Do canteiro à mesa festiva: o sabor do cardy

A colheita faz-se no fim do outono. O truque culinário do cardy chama-se “branqueamento” - não no tacho, mas no canteiro. O objetivo é tornar os caules mais tenros e suaves.

Branqueamento diretamente no jardim

  • Cerca de três a cinco semanas antes da colheita prevista, juntar as folhas e os caules de forma solta.
  • Envolver todo o feixe com um material opaco, como cartão canelado ou sacos de juta.
  • Proteger a base da planta da humidade, para evitar apodrecimentos.
  • Findo o período de branqueamento, cortar os caules cobertos junto ao solo.

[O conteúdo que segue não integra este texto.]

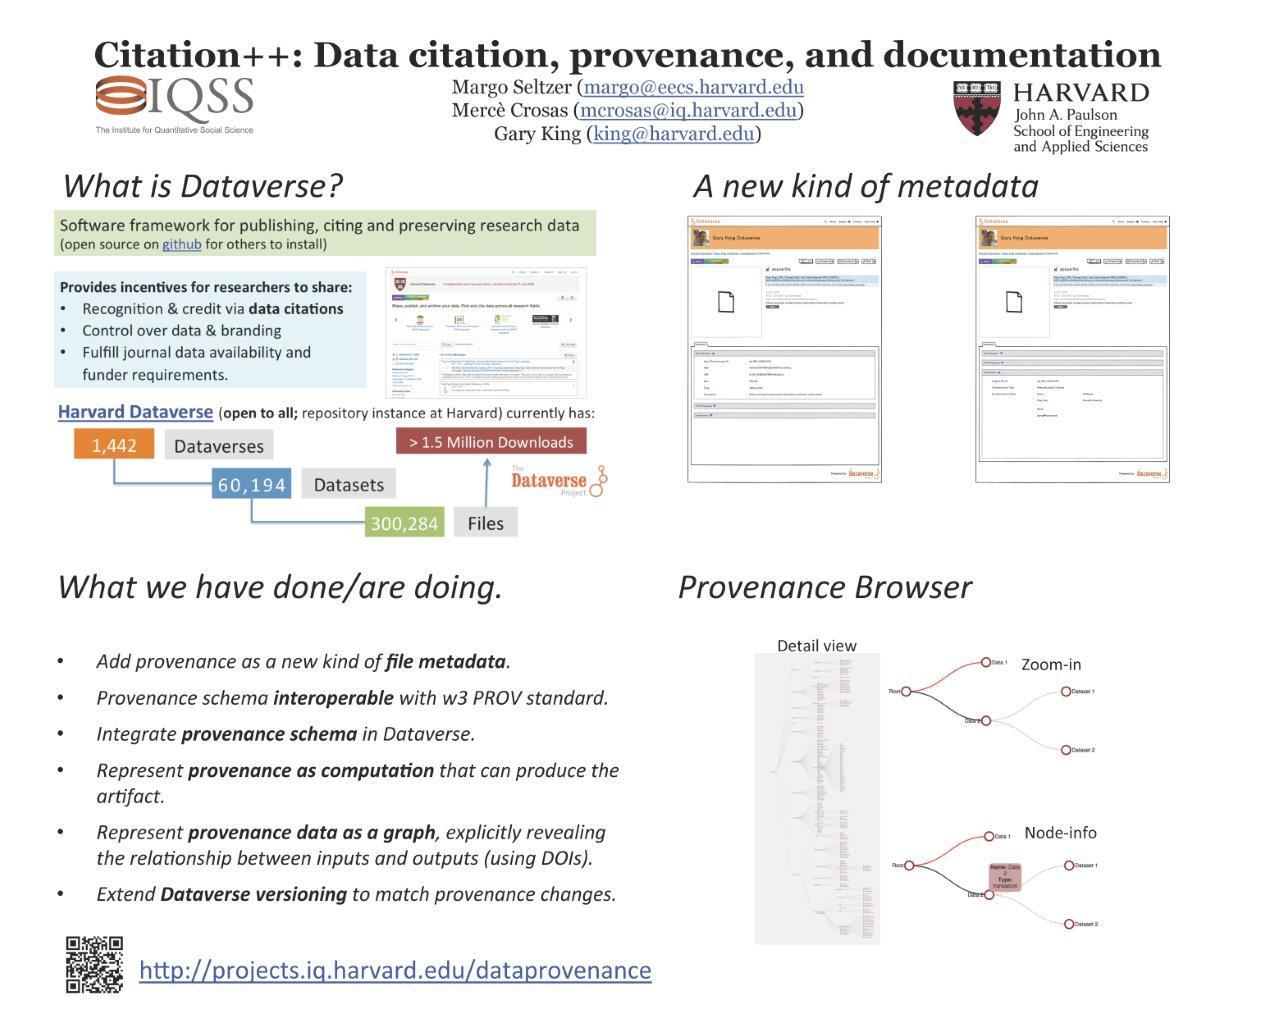 Citation ++: Data citation, provenance and documentation

Os caules assim preparados ficam claros, quase esbranquiçados, e o sabor torna-se muito mais delicado. Depois de descascados e retiradas as fibras, podem ser usados de forma semelhante ao salsifi ou ao aipo. No paladar, lembram fortemente a base tenra de uma alcachofra.

Pratos típicos com cardy

  • Gratinado de pedaços de cardy com natas, queijo e noz-moscada
  • Sopa cremosa, combinada com batata e um pouco de vinho branco
  • Acompanhamento de legumes em tacho, por exemplo com vaca ou borrego
  • Entrada delicada com manteiga de limão e amêndoas laminadas

Quem quiser impressionar os convidados pode servir o cardy como prato autónomo e contar a história deste legume quase esquecido. Especialmente no Natal ou noutras datas festivas, o seu carácter requintado encaixa na perfeição.

Conselhos práticos para principiantes

Muita gente hesita em cultivá-lo porque o cardy tem um porte imponente e fama de ocupar muito espaço. Com alguns truques, porém, integra-se sem dificuldade no quotidiano da horta.

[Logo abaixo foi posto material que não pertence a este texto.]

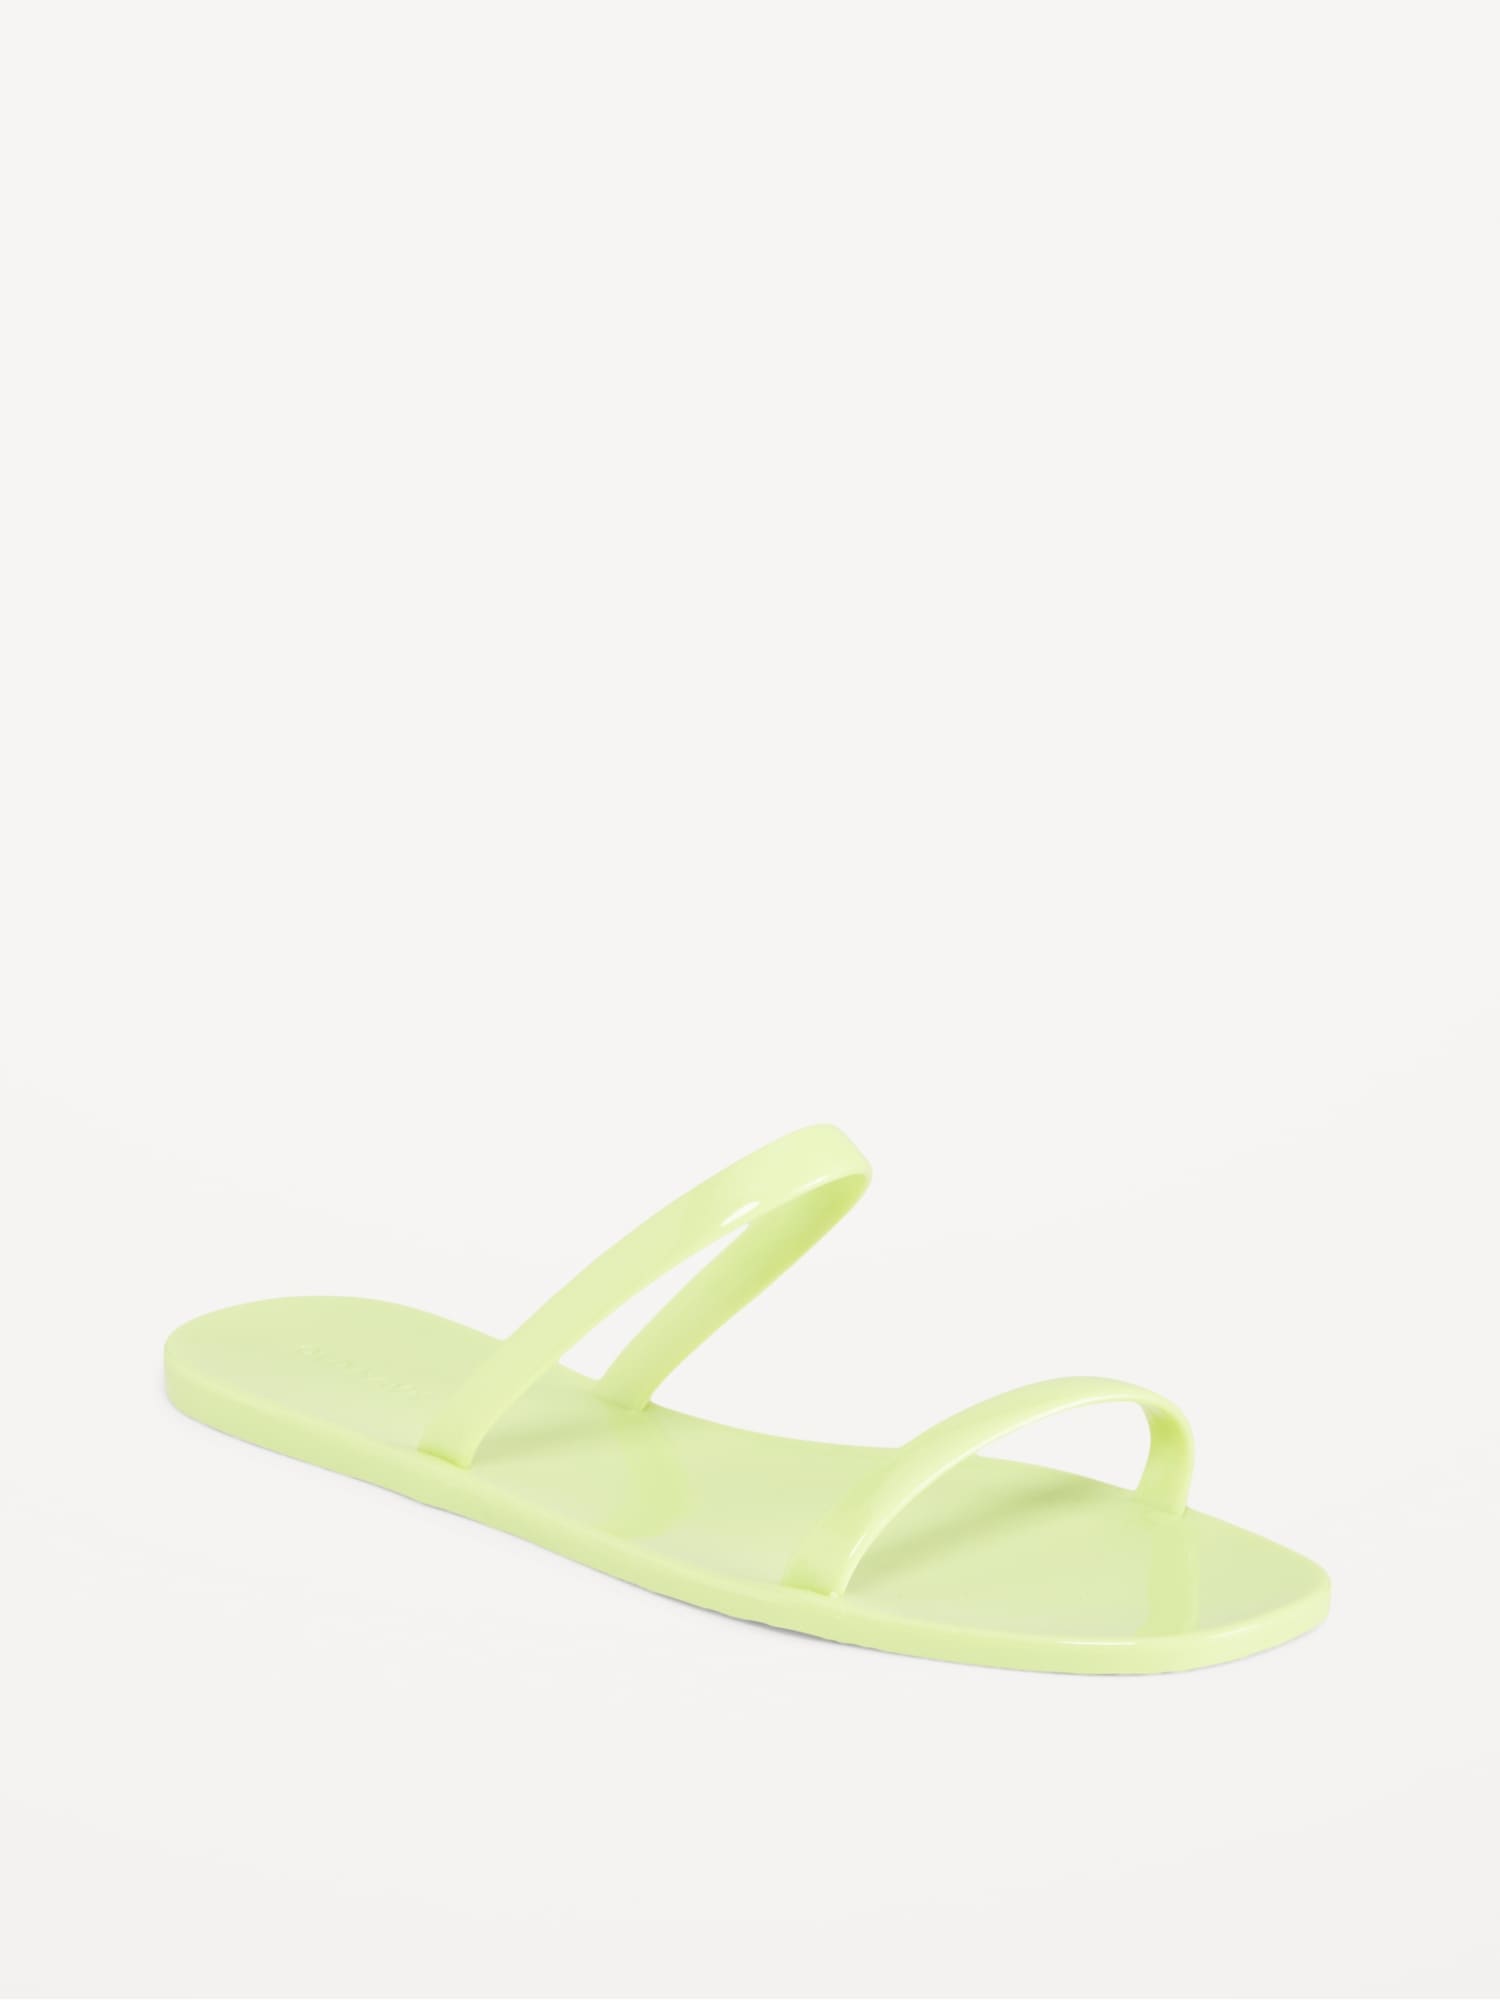 Shiny-Jelly Slide Sandals | Old Navy

  • Poucas plantas chegam: dois a três exemplares são mais do que suficientes para alimentar uma família.
  • Usar como exemplar isolado: num canteiro ornamental, o cardy causa forte impacto como elemento arquitetónico.
  • Boa nutrição: uma aplicação anual de composto ou estrume bem curtido mantém a planta produtiva.
  • Garantir a água: em períodos de seca, regue com regularidade para que os caules não fiquem duros.

Como a planta é bastante resistente, raramente surgem doenças graves. Por vezes, as lesmas roem as folhas jovens, algo que pode ser limitado com barreiras mecânicas ou armadilhas de cerveja. Em verões muito húmidos, pode aparecer podridão ao nível do colo da raiz se o canteiro tiver pouca drenagem - mais uma razão para apostar num solo solto e profundo.

Porque vale a pena cultivar cardy hoje em dia

Quem quiser tornar o jardim mais resistente e, ao mesmo tempo, mais interessante encontra no cardy um aliado surpreendentemente versátil. A planta combina produção, valor ornamental e função ecológica - precisamente aquilo que se torna cada vez mais procurado em tempos de alterações climáticas e falta de espaço.

Acresce ainda que, por quase não aparecer no comércio, bastam algumas plantas para criar um ingrediente exclusivo para a cozinha de casa. Os cozinheiros amadores que gostam de experimentar especialidades regionais conseguem aqui um verdadeiro trunfo. Em conjunto com ingredientes de inverno como batata, frutos secos, queijo ou pratos de caça, resultam refeições aromáticas e intensas, mas ainda assim honestas e sem pretensões.

Se, na primavera, houver ainda um canto livre no jardim, o cardy permite iniciar vários projetos ao mesmo tempo: soltar o solo, apoiar as árvores de fruto e assegurar um legume fino para a mesa de inverno. Não é preciso grande arrojo experimental - apenas um pouco de espaço, sol e vontade de ter no canteiro algo que nem toda a gente cultiva.